> WHAT IS BEING ASKED: Print nothing but the lines below starting at the line that holds "Carabine avant 1870" and ending at the line that holds "ホグワーツ城 71043 レゴの商品情報 レゴの説明書・組立方法 38 page", including both, each exactly as written.

> GIVEN DATA:
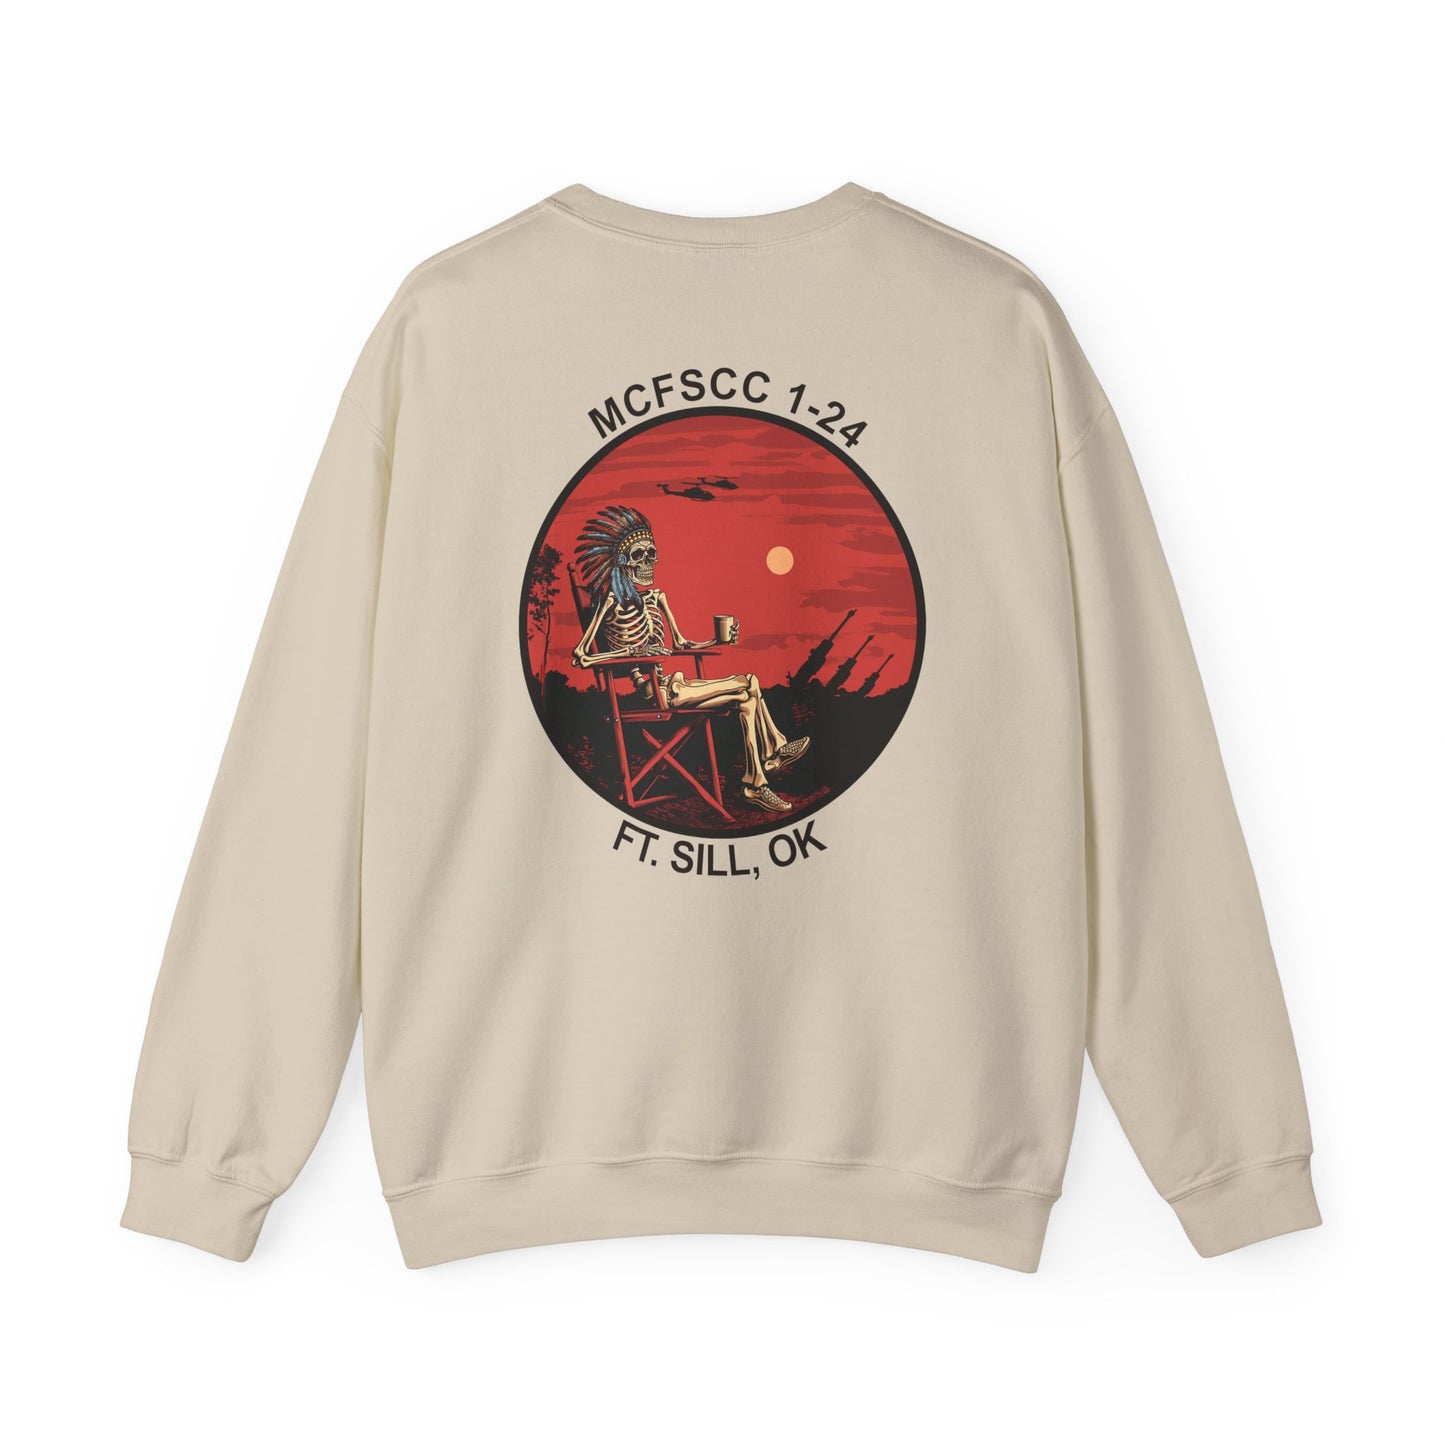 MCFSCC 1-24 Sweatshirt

...

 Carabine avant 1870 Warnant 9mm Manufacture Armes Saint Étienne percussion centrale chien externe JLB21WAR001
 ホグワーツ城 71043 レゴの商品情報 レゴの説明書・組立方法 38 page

==

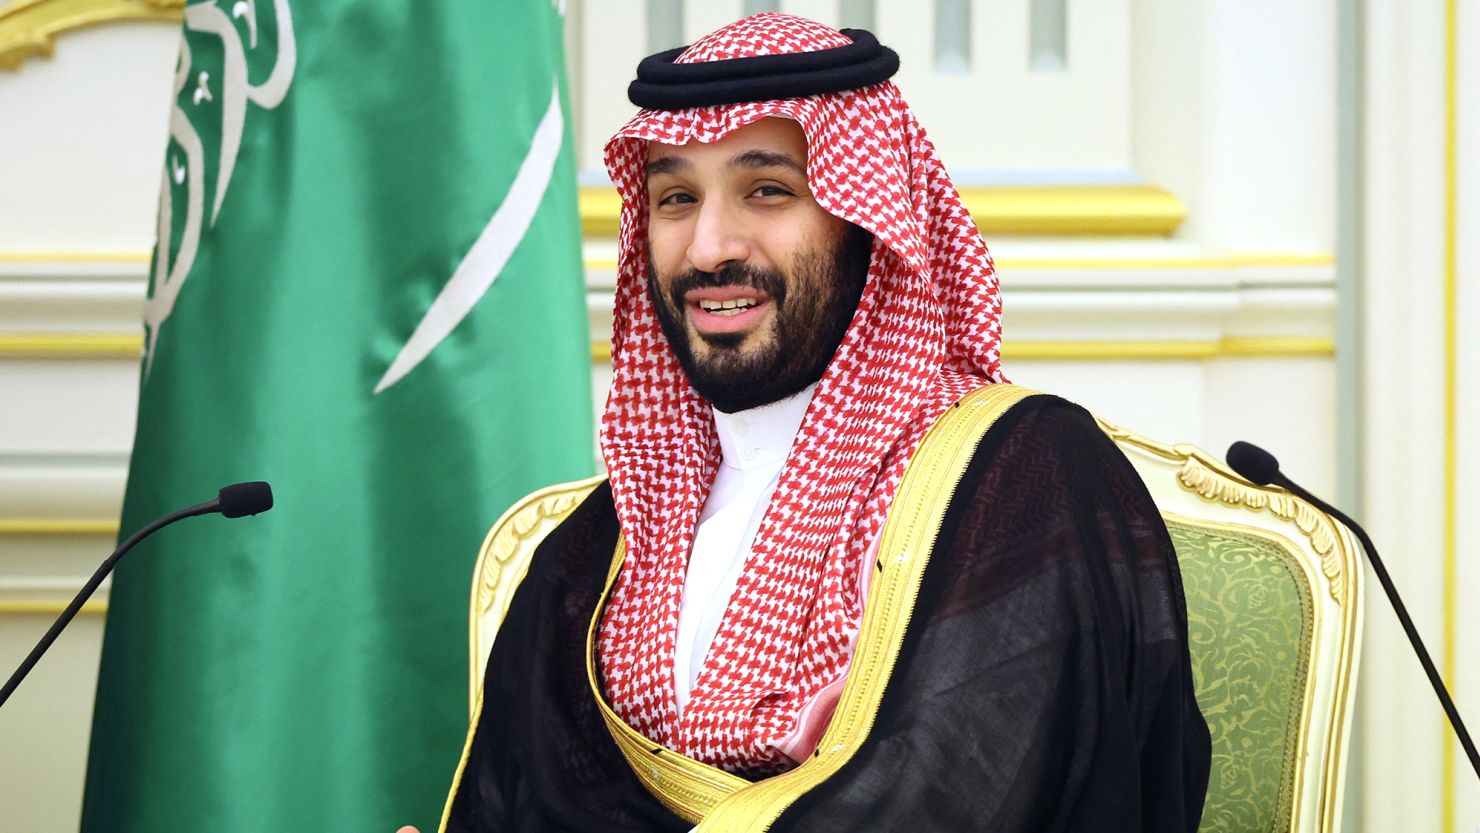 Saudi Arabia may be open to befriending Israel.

> EXERCISE RESPONSE:
 Carabine avant 1870 Warnant 9mm Manufacture Armes Saint Étienne percussion centrale chien externe JLB21WAR001
 ホグワーツ城 71043 レゴの商品情報 レゴの説明書・組立方法 38 page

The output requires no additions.